Over-tuning Backups

This is going to be a short post, but an important one to demonstrate the importance of thinking about what you’re doing. I recently taught a backup tuning session at SQLSaturday 90 in OKC. You can see the session recording here if you like. And I’ve been teaching this session off and on recently so I’m not really sure where this user saw my session, but I had a user write me with a tuning issue and I thought I’d share it with you.

In his email he outlined his restore scenario that he was unable to tune. No matter what he did, the restore didn’t happen any faster, and he would expect to see some improvement. And in fact, his attempts to tune it have only made it take longer. Here’s the code he sent me, and I’ve changed things to protect his environment.

RESTORE DATABASE AdventureWorks
PAGE = '1:200'
FROM DISK = 'c:\AW.bak'
WITH init, FORMAT,
buffercount = 500,
maxtransfersize = 2097152,
norecovery

So there’s nothing wrong with this syntax, and the restore should work just fine. But he’s right, he won’t see any performance gain at all and here’s why. How fast do you think you can restore a single page?
There’s just no way to copy 8KB of data any faster than it already will. And I’m not surprised at all that his restore takes longer. SQL is still gonna spin up all those resources because you’re telling it to. But since you’re only copying a single page, it’s not going to use them. So spinning up the resources won’t do you any good on this small operation and will only serve to cost you extra time. The resource spin-up will only take a few seconds, but on a page restore like this, it can be in the neighborhood of double the time. So it could take the restore from say 6-10secs to like 10-20secs or something like that. So it’s really not a big deal time-wise.
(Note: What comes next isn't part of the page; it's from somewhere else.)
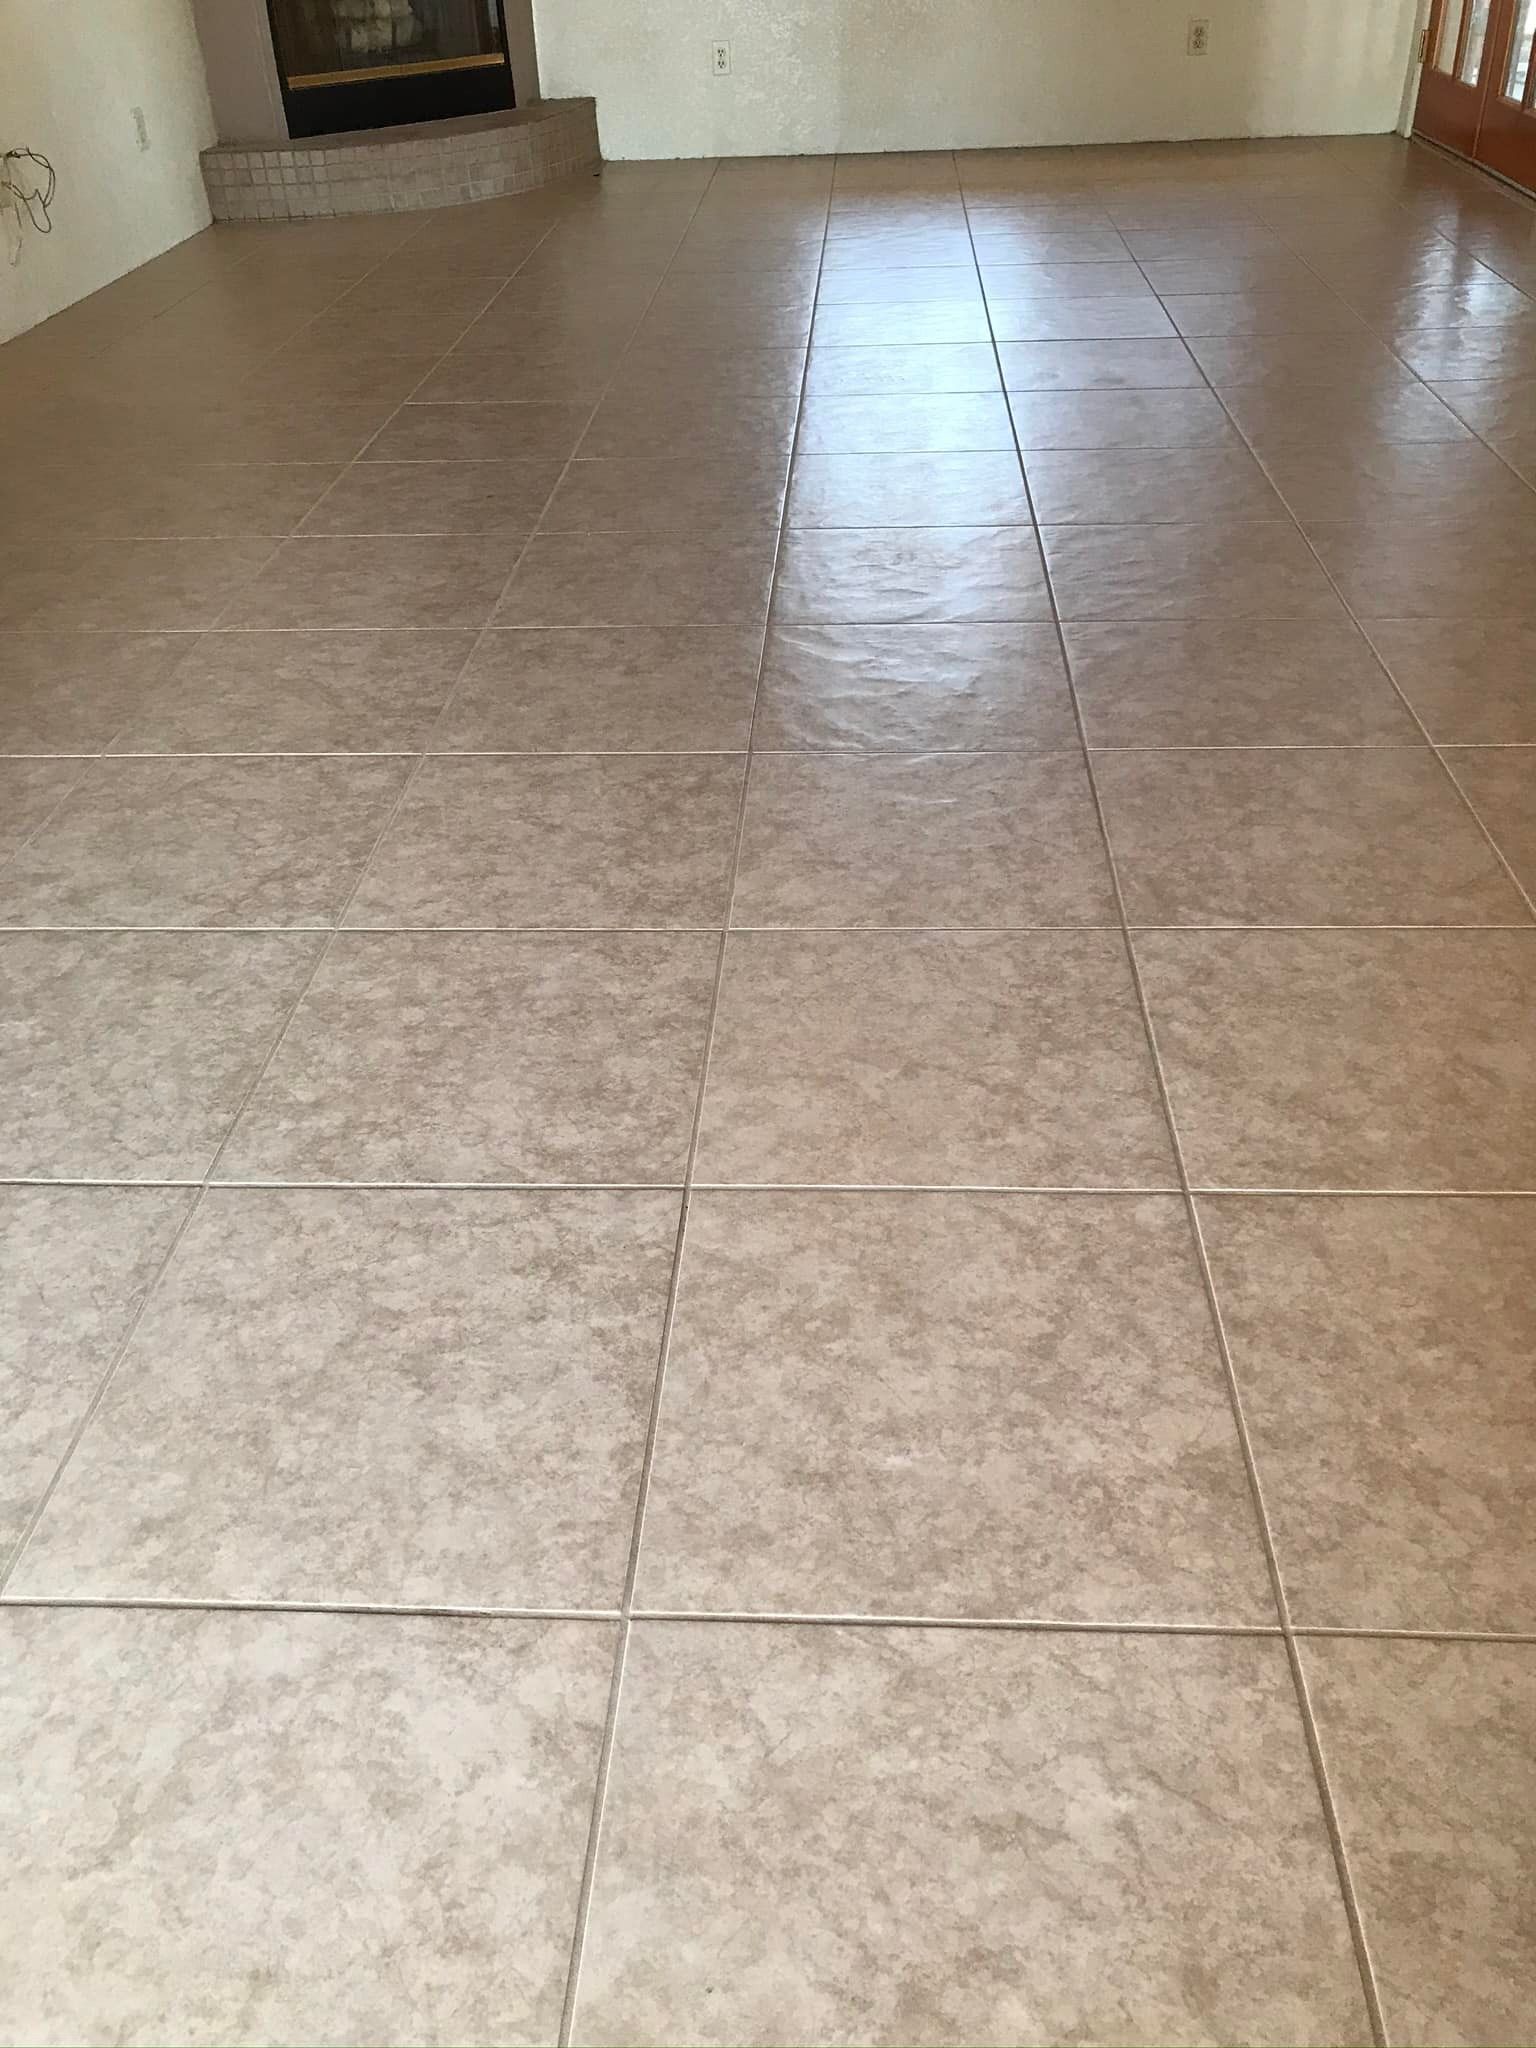 Tile cleaning for Superstition Carpet and Tile Care LLC in Apache Junction, AZ

If you came in late to the backup tuning debate, the flags we’re arguing over are buffercount and maxtransfersize.
I’ll let you watch the session above for a full explanation of them, but I’ll go ahead and say here that 500 buffers just doesn’t even make sense. And transferring 8KB worth of data in 2MB chunks doesn’t make sense either.

The point here is this is a definite case where there’s really nothing to even tune. You can only move 8KB so fast. And while I applaud his efforts to apply something he learned in his shop, he needs to put a little more thought into where he applies it. However, he did the right thing. He tested, he saw an issue, and then he emailed me. We’ve discussed it fully and he now understands why he saw what he did. This is how you learn. And even more importantly, he’s out there trying to apply something he learned from a session. He’s not content with leaving things the way they are in his shop, and he’s not content with his current level of skill. You go girlfriend.

And he’s given me permission to blog about this issue so I don’t want any emails about how I screwed over a viewer who came to me for help.